Speed of Point on Rim of 50.0 g Disk with 8.00 cm Diameter

[tangibleLime]

Homework Statement

A thin, 50.0 g disk with a diameter of 8.00 cm rotates about an axis through its center with 0.190 J of kinetic energy. What is the speed of a point on the rim?

Homework Equations

$$C = \frac{1}{2}MR^2$$
$$K_{rot}=\frac{1}{2}I\omega^2$$

The Attempt at a Solution

Since the formula for kinetic rotational energy is $$K_{rot}=\frac{1}{2}I\omega^2$$, and the constant for the moment of inertia for a solid disk with the axis of rotation about it's diameter is $$C = \frac{1}{2}MR^2$$, I substituted the I in the second equation with the first equation, resulting in the following:

$$K_{rot}=\frac{1}{2}(\frac{1}{2}MR^2)\omega^2$$

Substituting the values that I was supplied with in the problem statement, I came up with this equation:

$$0.190=\frac{1}{2}(\frac{1}{2}(0.05)(0.04)^2)\omega^2$$

Solving for $$\omega$$, I ended up with $$\omega \approx \pm 97.5$$, which was determined to be incorrect.

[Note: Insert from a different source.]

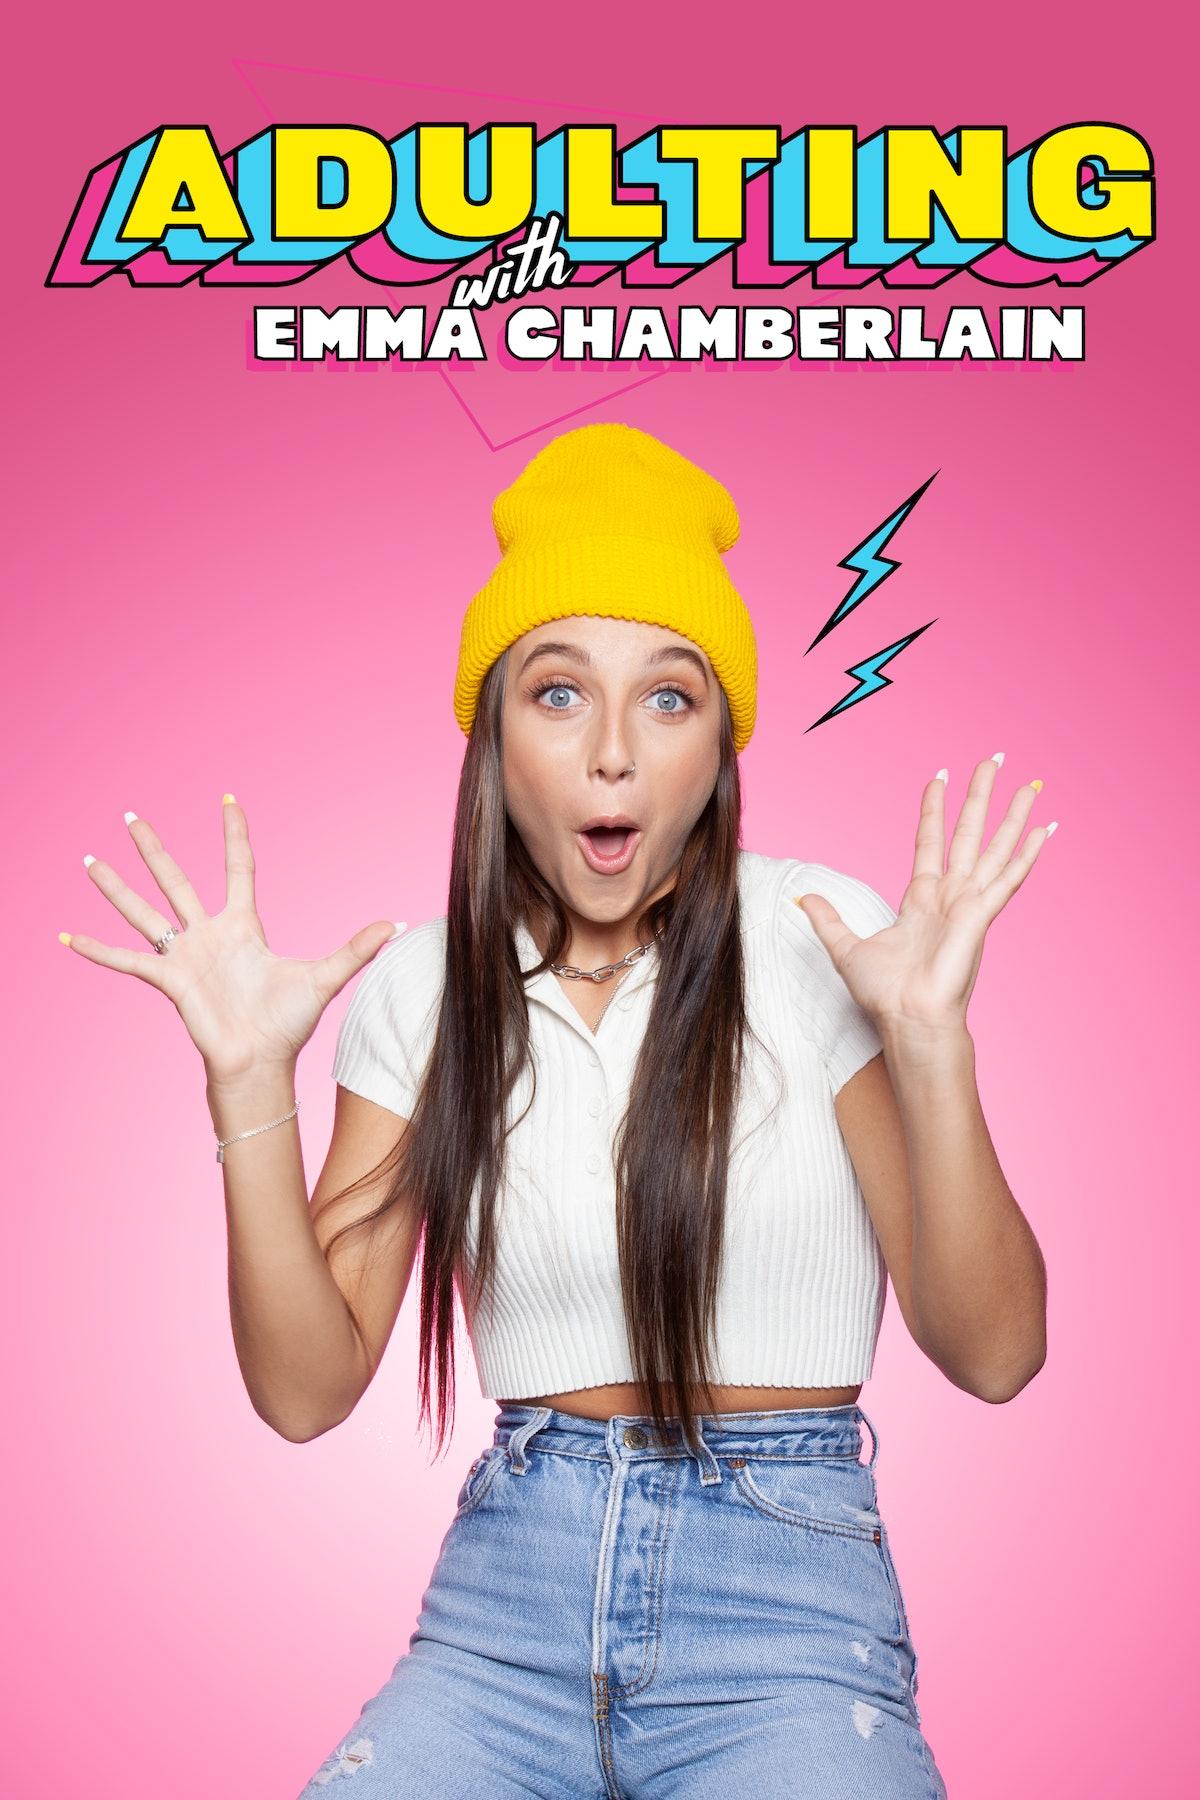 Emma Chamberlain Snapchat series 'Adulting'

Any help would be extremely appreciated.

 

[zachzach]

It asks for the SPEED of a point on the rim. It does not ask for the angular speed.

 

[tangibleLime]

I figured it was something like that, so shortly after posting the initial topic, I tried $$v=r\omega$$ as $$v=(0.04)(97.5)$$ which results in the correct answer of 3.9. Originally I received an answer that was something like 360 (I must have entered a wrong number or something into the calculator) so I ignored it. Then after you posted and backed up my thoughts, I tried again and got the correct answer. Thanks!